Cultura della parità
In base alla direttiva 2006/54/CE, tra le forme di discriminazione fondate sul sesso rientrano anche
le molestie e le molestie sessuali sul posto di lavoro e nella selezione di accesso.
– In merito devono essere stabilite chiare procedure
dagli Stati Membri per permettere a chi subisca discriminazione di segnalare alle autorità
competenti la mancata osservanza di tale direttiva. Il diritto del lavoratore al reclamo per mancato
rispetto del principio di parità deve essere tutelato da eventuali licenziamenti o atteggiamenti
negativi da parte del datore di lavoro (Art. 23). In base al principio di sussidiarietà sancito nell'Art.

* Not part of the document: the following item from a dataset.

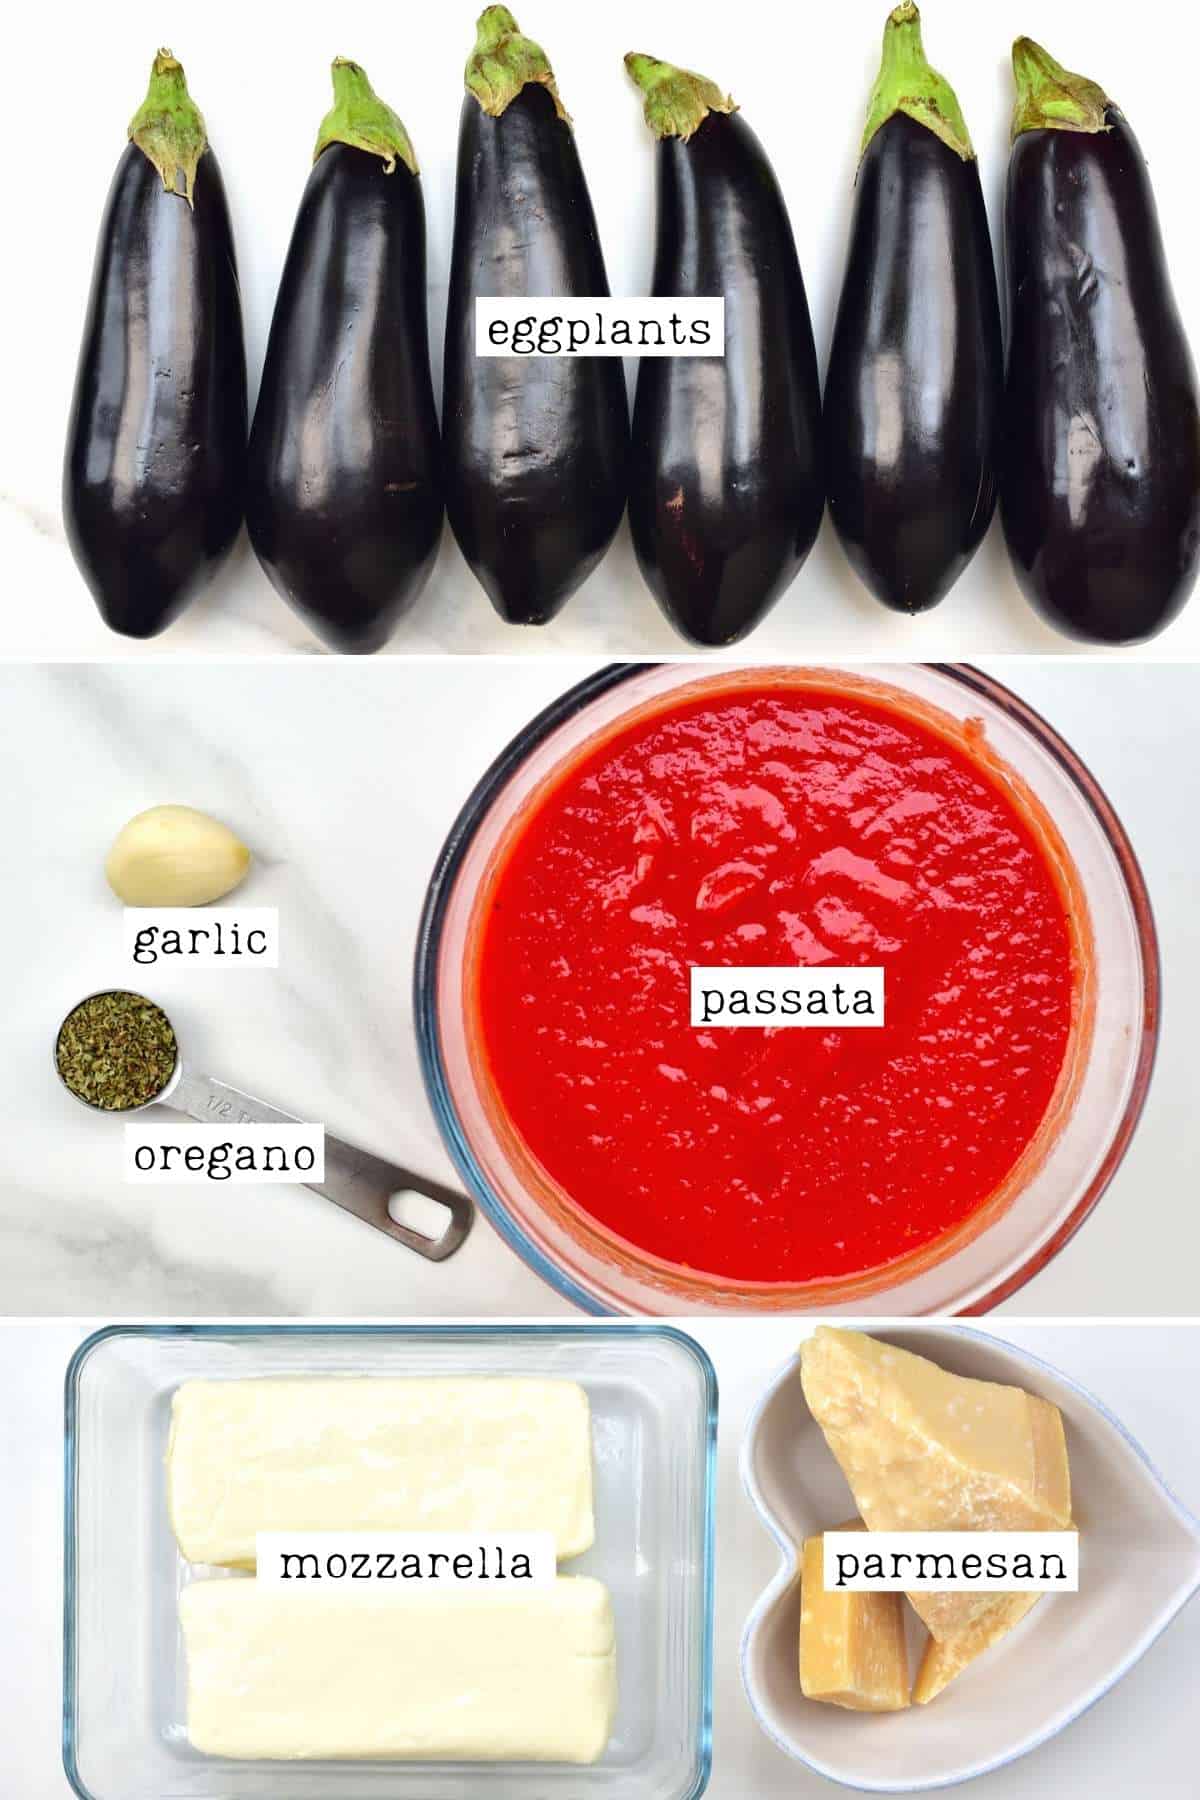 Ingredients for Parmigiana

5 del Trattato, alcuni obiettivi possono essere meglio realizzati da normative e interventi a livello
comunitario pur restando il diritto dei singoli Stati di adottare misure più forti (Art. 27).
Reclami per mancato rispetto del principio di parità
Ogni 4 anni il testo delle misure adottate dai singoli Stati Membri viene sottoposto all'Unione (Art.
31) corredato di ricerche, statistiche e buone pratiche scambiate sulla base delle quali l'Unione
pubblica una relazione di valutazione comparativa della loro efficacia.